Si vous utilisez les endpoints à haute concurrence de WaveSpeed, retestez dans cette configuration : le profil de latence change suffisamment pour que les règles de routage puissent l’être également.

FAQ — compatibilité ascendante, modifications de prompts

Mes prompts GLM-4.7 fonctionneront-ils sans modification sur GLM-5 ?

R : Mostly, mais attendez-vous à des différences. Ce qui était implicite doit souvent devenir explicite. J’ai dû ajouter de courts marqueurs d’« étapes » et des exemples dans quelques prompts pour obtenir des sorties en plusieurs parties cohérentes.

Les sorties du modèle sont-elles rétrocompatibles pour les pipelines automatisés ?

R : Pas garanti. Si vous analysez la sortie du modèle avec des règles fragiles, testez soigneusement. Les réponses plus riches et parfois plus fragmentées de GLM-5 peuvent casser des parseurs simples.

Dois-je ré-entraîner les adaptateurs fine-tunés ou les couches personnalisées ?

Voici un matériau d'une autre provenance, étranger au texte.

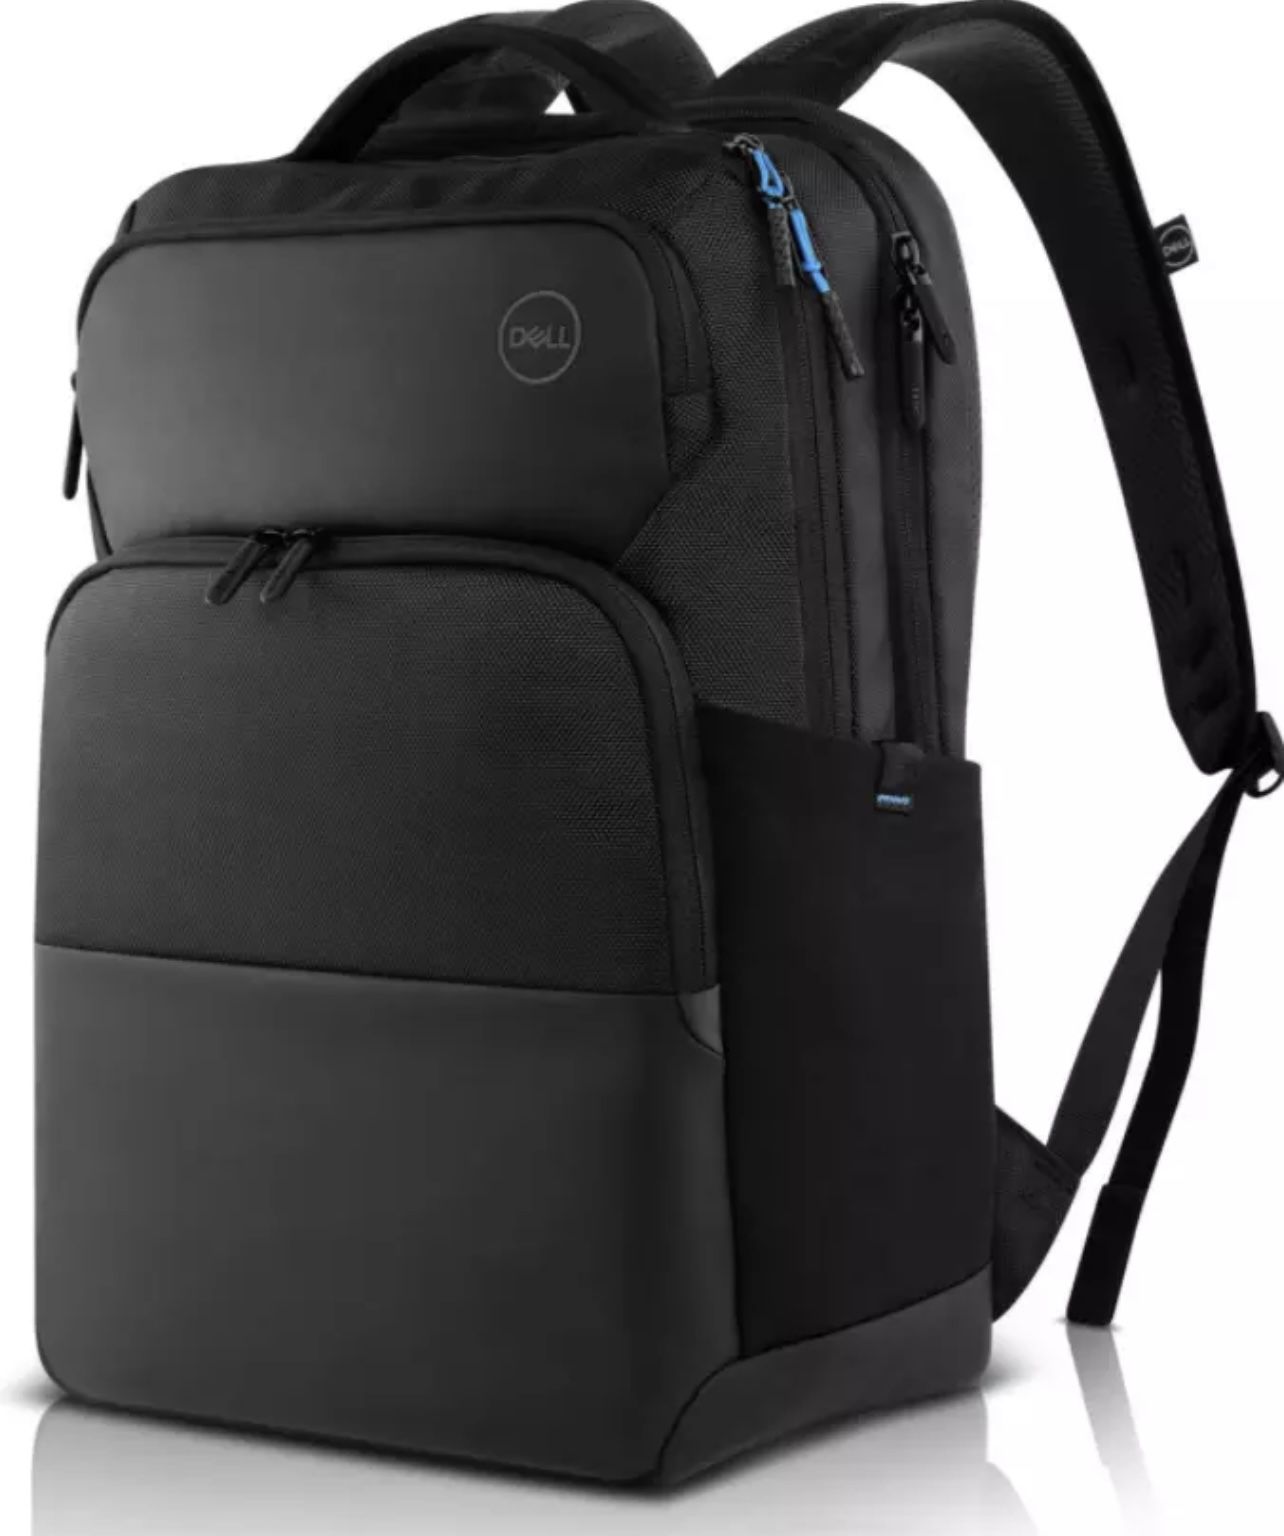 Dell Pro Carrying Case (Backpack) for 15" Notebook - Black

R : Si vous avez des composants fine-tunés étroitement liés aux logits de GLM-4.7, prévoyez un re-tuning. J’ai constaté que les prompts au niveau des tâches nécessitaient moins de modifications que les couches d’adaptateurs complètes, mais cela peut varier.

Y a-t-il des changements dans les profils de sécurité ou d’hallucination ?

R : GLM-5 a réduit certains types d’hallucinations dans mes tests de vérification des faits, mais a introduit des erreurs confiantes plus sélectives — des affirmations qui semblaient autoritaires mais étaient erronées sur des faits de niche. Conservez des étapes de vérification pour les sorties à enjeux élevés.

Quand devrais-je passer à GLM-5 ?

R : Si vos workflows sont axés sur la synthèse et l’édition, essayez GLM-5 dès maintenant dans un déploiement contrôlé. Si vous avez besoin de vitesse pure pour les interactions courtes ou d’un budget serré, gardez GLM-4.7 pour les chemins bas niveau et expérimentez GLM-5 pour les tâches à plus haute valeur ajoutée.

Une note finale : ​je ne m’attends pas à ce que GLM-5 soit un remplacement parfait qui résout tous les problèmes. Ce qu’il a fait pour moi, c’est rendre certaines étapes moins nombreuses — moins d’éditions, moins de passages, un brouillon final plus stable. Ce petit changement compte sur le long terme. Je maintiens encore quelques endpoints sensibles à la latence sur GLM-4.7, et je pense que c’est un schéma que de nombreuses équipes reproduiront. Ce qui m’intéresse ensuite, c’est la façon dont les schémas de routage des experts évolueront avec davantage de données d’entraînement : pour l’instant, la mise à niveau ressemble à une avancée mesurée, pas à un bond spectaculaire.